Christmas shoppers on Grafton Street during the Covid pandemic in Dublin’s City Centre. (Gareth Chaney/Collins)

"In 2022, the Covid-19 pandemic will end. It is now the most treatable respiratory virus known to man," he told the Sydney Herald.

"Driven by the inevitable spread of the Omicron variant and the use of vaccines, the global population will generate immunity to this virus.

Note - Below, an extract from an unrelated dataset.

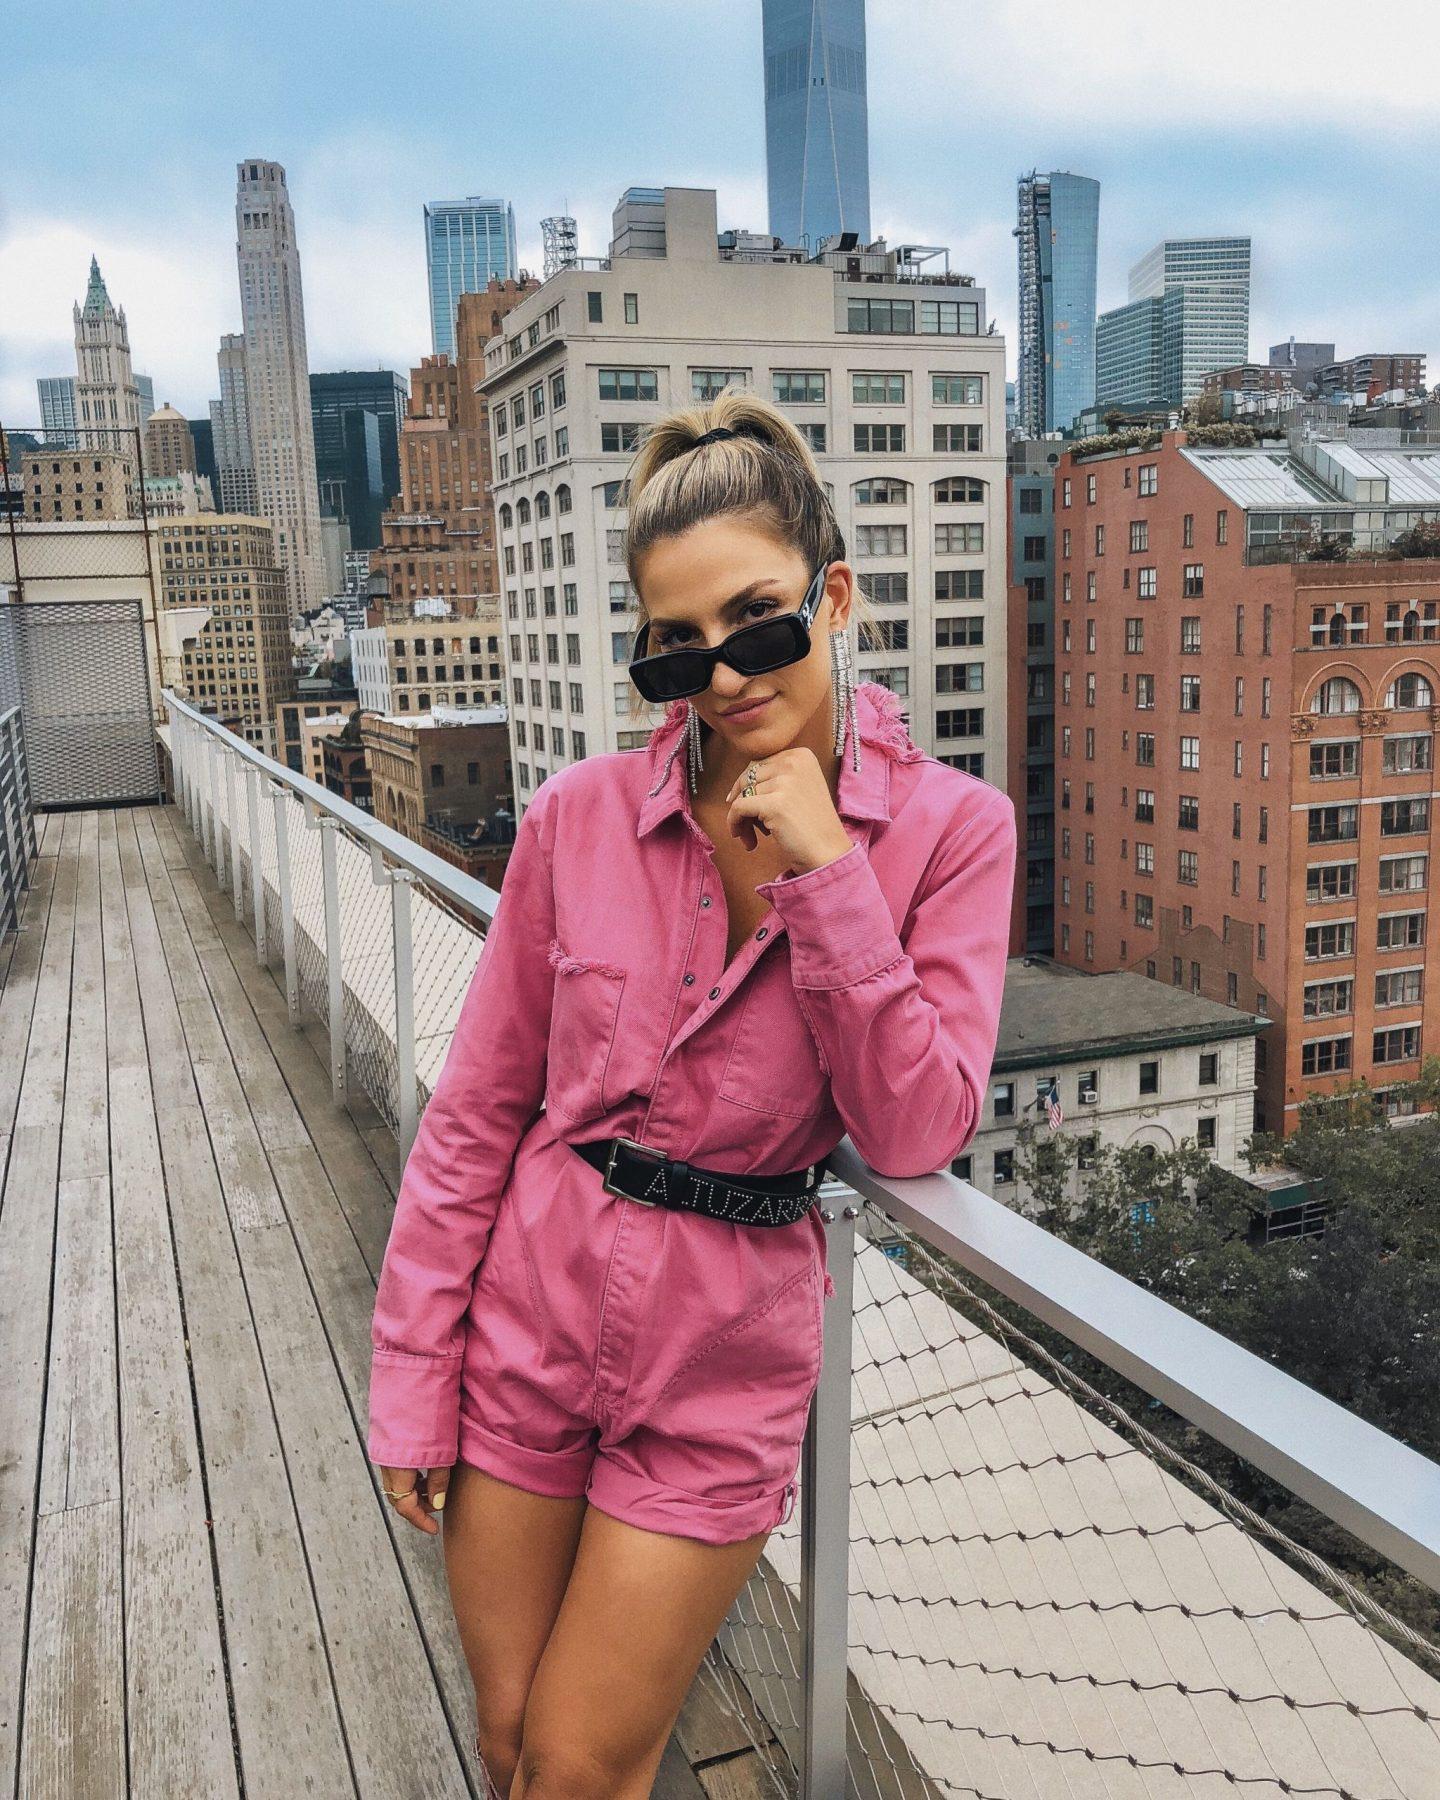 Cassandra DiMicco, Cass DiMicco, Dressed For Dreams, NYC, New York City, New York, Street Style NYC, Street Style 2018, NYC Street Style, NYC Outfit Inspo Street Style Outfits, 2018 Trends, Summer Style, Summer Outfit Inspo, NYC Fashion Blogger, NYC Fashion Blogger, NYC to do list, NYC to do, NYC bucket list, NYC Instagram Spots, NYFW Outfit, NYFW Inspo, One Teaspoon pink jumpsuit, one teaspoon, off white sunglasses, off white, altuzarra belt, altuzarra, altuzarra gladiator heels, altuzarra pink snakeskin, Alexander wang belt bag, Alexander wang fanny pack, Alexander wang
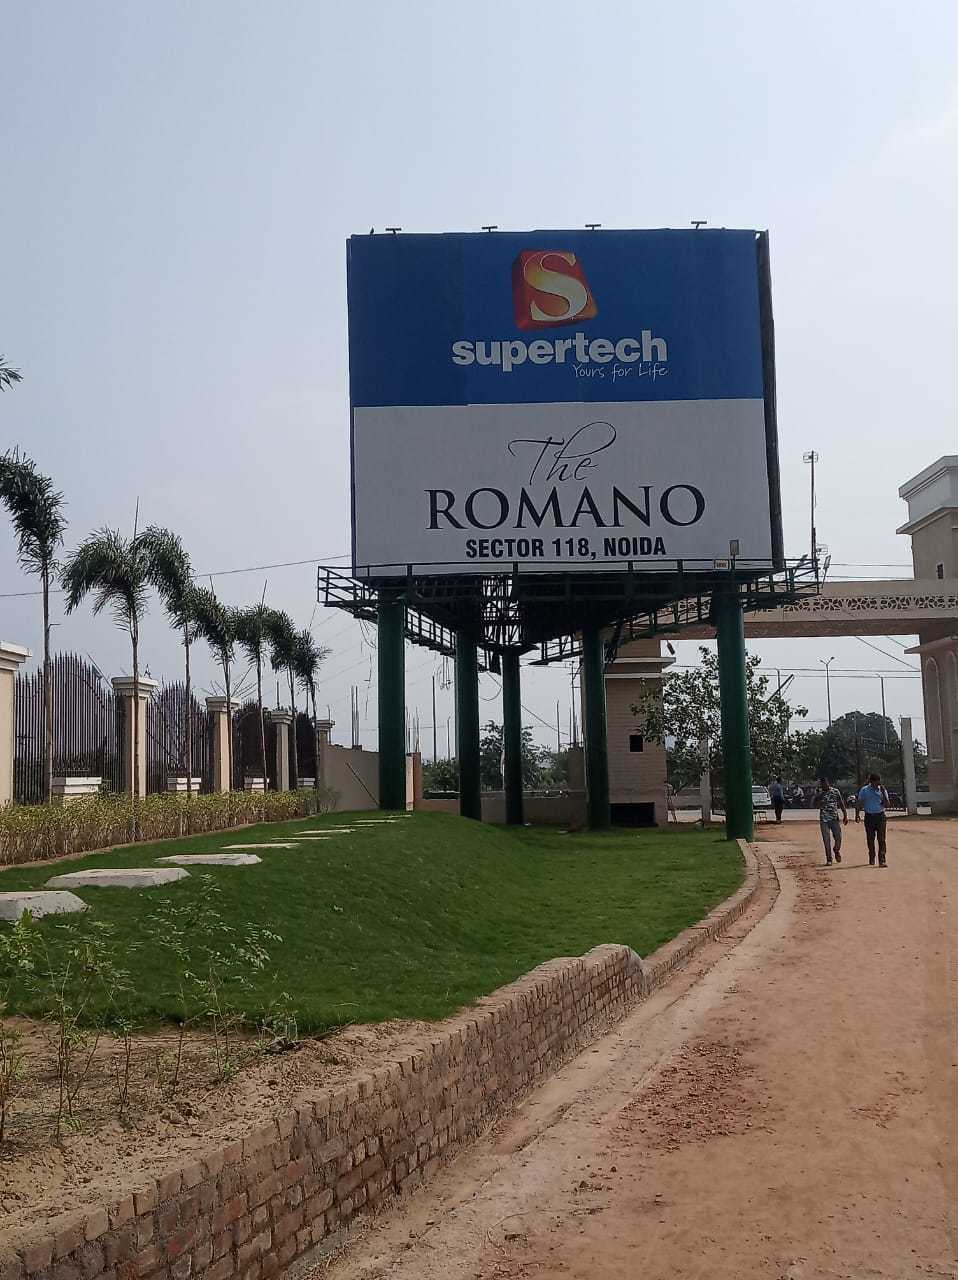 Supertech romano

"We will live our lives again as part of the incredibly social and incurably optimistic human species that thrives on this planet and has emerged from countless pandemics over history stronger and more capable of managing the next."

His views were echoed by top Irish immunologist Luke O'Neill, who believes we will see a return to normal life this year.

Professor O’Neill said: “By the time we get to March and April, it will be a different story entirely – watch.”

“We will be able to live with it, because of all these various strategies.

“New anti-viral treatments will be approved in February and that will be a huge weapon.

“We know a lot about this virus now – for heaven’s sake, it’s been almost two years. We have a heavily vaccinated population, which is brilliant, with a strong booster to sustain protection.

“When you put it all together, by the time we get to St Patrick’s Day, the virus will have gone away almost from Ireland, it will seem to be in the background.”

According to O’Neill, who is a Professor at Trinity College’s School of Immunology, the best news of 2022 is anti-viral drug Paxlovid, which is a game-changer.

He revealed: “They released the data in December and it’s great. It decreases the risk of hospitalisation in the over 65s by 94%.

“Let’s say in February or March, you get infected. There will still be infections, because the virus isn’t going to go away – we’re just going to know how to manage it.

“So you feel a little rough and you get a test – an antigen test will suffice, probably – and you take an anti-viral and that will kill the virus.

"It gives about 80 to 90% protection across the board. So we have a tablet now as well as a vaccine – science has delivered both things. The anti-viral will keep things under control.”